Don’t cheer yet—they’re spending all that money to get Pepsi to develop some processed food snacks for the kids!
Bloomberg reports that India’s government is seeking help from an unlikely partner to improve the diets of 107 million of its hungriest children: PepsiCo.
The current government has been in power for only three months, but it is already seeking to address the widespread corruption and lack of oversight that led to the death last year of twenty-three children in the eastern state of Bihar from lunches contaminated with pesticides. Unfortunately, they’re doing it all wrong: in an attempt to attract more foreign investment, restore economic growth, and boost investor confidence, the government has appointed a “food processing minister” who immediately reached out to Pepsi, the world’s largest processed snack food maker.

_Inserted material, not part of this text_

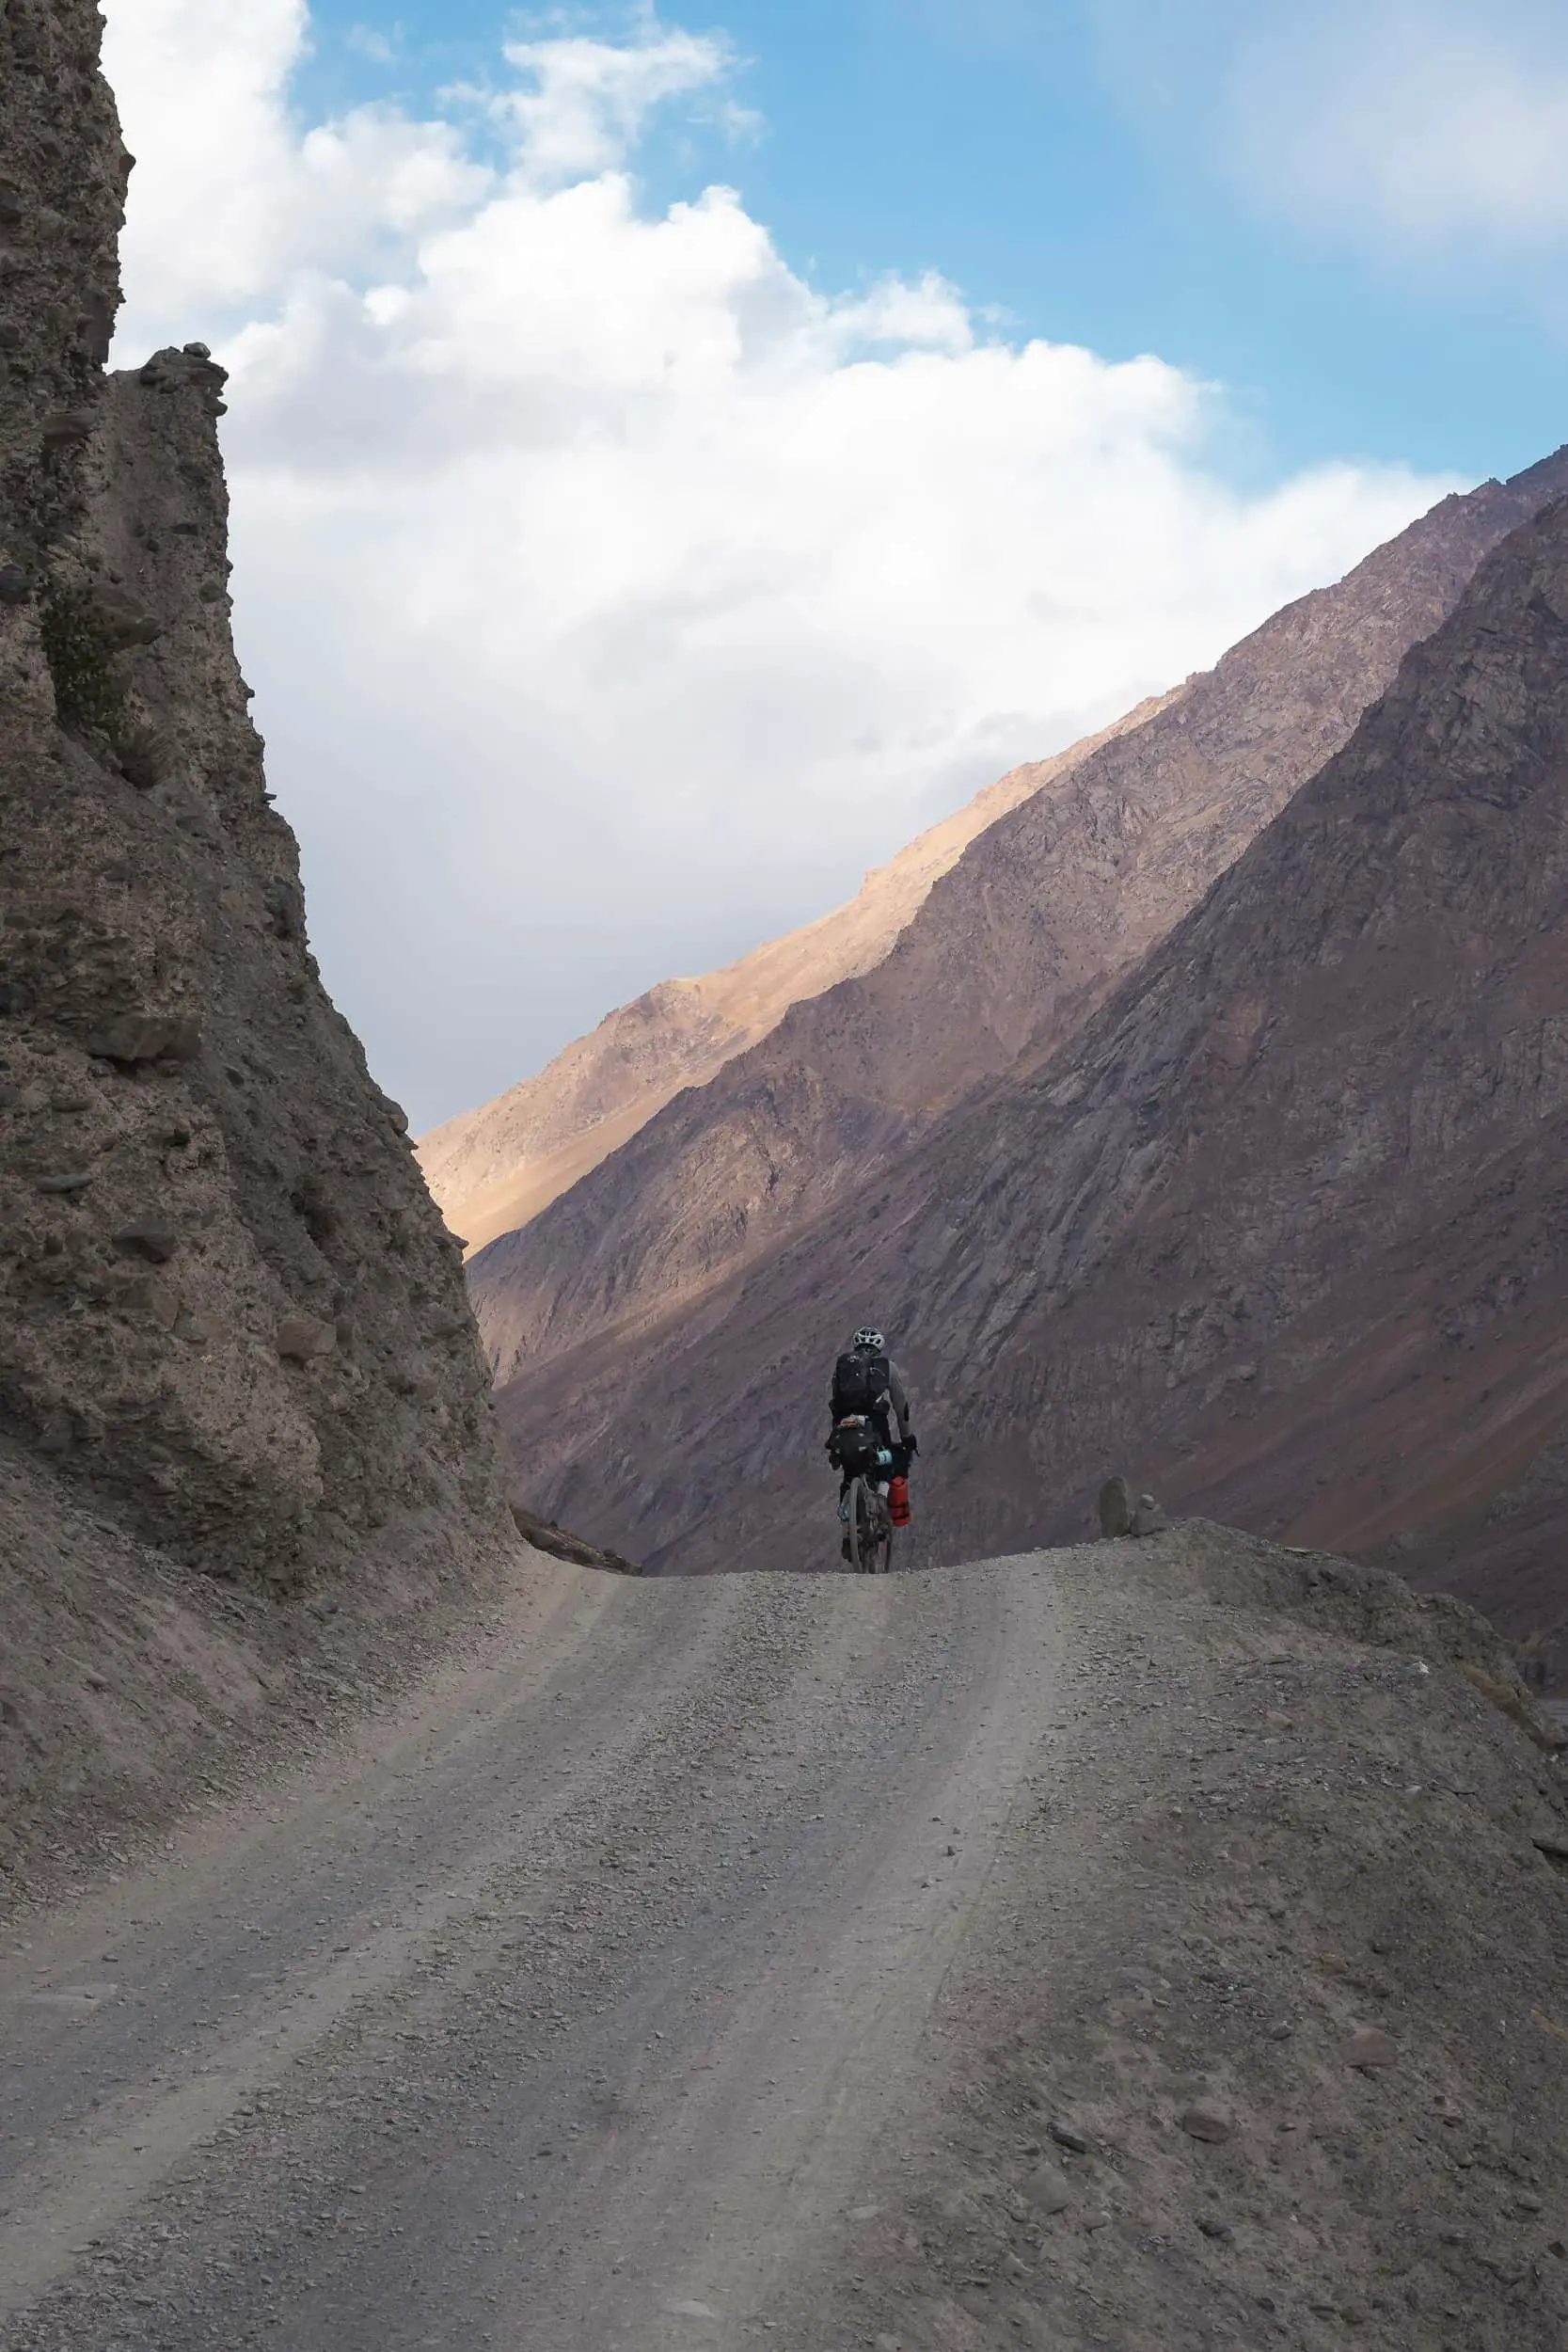 Andrew bikepacking the Bartang Valley

In other words, rather than addressing the fraud and cronyism at the heart of a grossly mismanaged school lunch program, the government seems to be exacerbating the situation with a handout to the junk food industry.

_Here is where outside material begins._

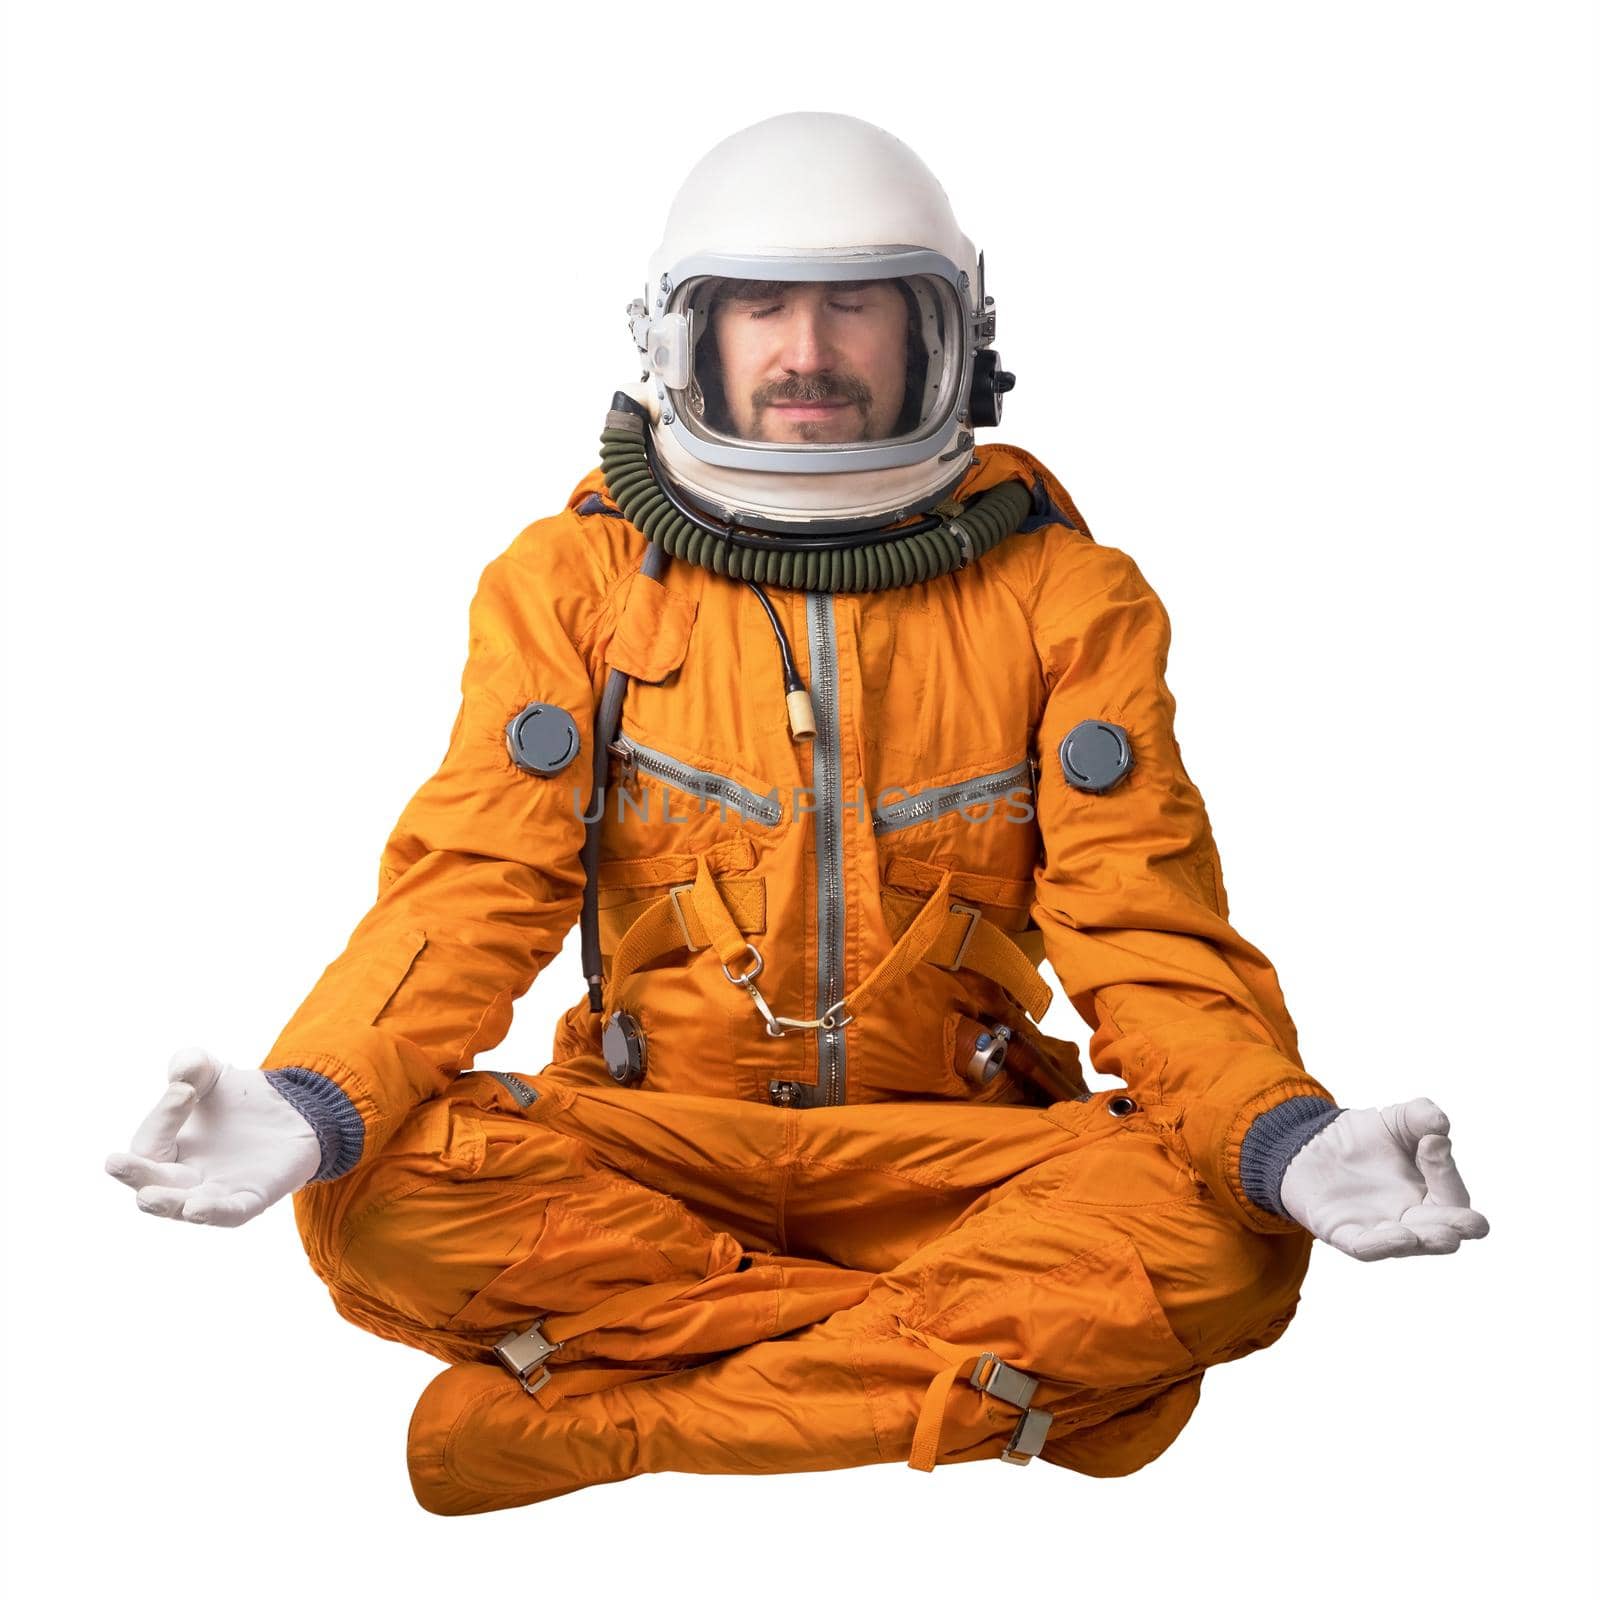 Astronaut wearing orange space suit and space helmet sitting in a lotus pose meditating isolated on a white background. Meditation concept by dmitryz

The Indian government has invested $2.2 billion (about 132 billion rupees) for the lunch program overhaul; Pepsi plans to double the country’s investment to just under $5.5 billion over next six years. The government asked Pepsi “to research and develop [processed food] products which will be healthy and will also contain proteins.” The government attempted to provide so-called healthy foods in 2011 with two snack foods—a cookie and a cheese puff—fortified with extra iron to help fight anemia, which can come from the lack of iron in many Indians’ diets.

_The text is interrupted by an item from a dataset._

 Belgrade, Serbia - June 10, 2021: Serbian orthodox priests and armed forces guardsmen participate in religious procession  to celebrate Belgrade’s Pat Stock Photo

India’s free school lunch program, the world’s largest, was created in 2004 to try to feed millions of poor children and encourage their enrollment in school. Children in government-run schools in India get lunches that consist of a combination of rice, bread, lentils, vegetables, and eggs. The government gives grain and money to local women’s groups to cook the hot meals.
The decision to have Pepsi develop “healthy” processed food snacks strikes many as wrong-headed. According to Vandana Prasad of the nonprofit Public Health Resource Network, “No respectable dietitian or nutritionist will recommend processed foods over freshly cooked meals. The government’s policy is to favor big business for everything, and hope that there will be some public good as a result.”
Pepsi was also asked to reduce the sugar content of their company’s beverages. The World Health Organization predicts that about 31% percent of adult men in India will be overweight by 2015, an increase from 22% a decade earlier. Already India has the world’s highest number of patients with type 2 diabetes, with rising obesity rates among children.
Food safety is vital, especially in a very poor country where disregard for hygiene protocols has led to cases of food poisoning. But greater safety guidelines should not come at the expense of nutrition and healthful food. We saw the same thing happen in the US with our recent food safety overhaul, which favors Big Farma and doesn’t address the CAFO/factory farm system that underpins many of our country’s food safety problems.
Predictably, while Pepsi stock isn’t doing so well now, it is expected to become extremely valuable in the future.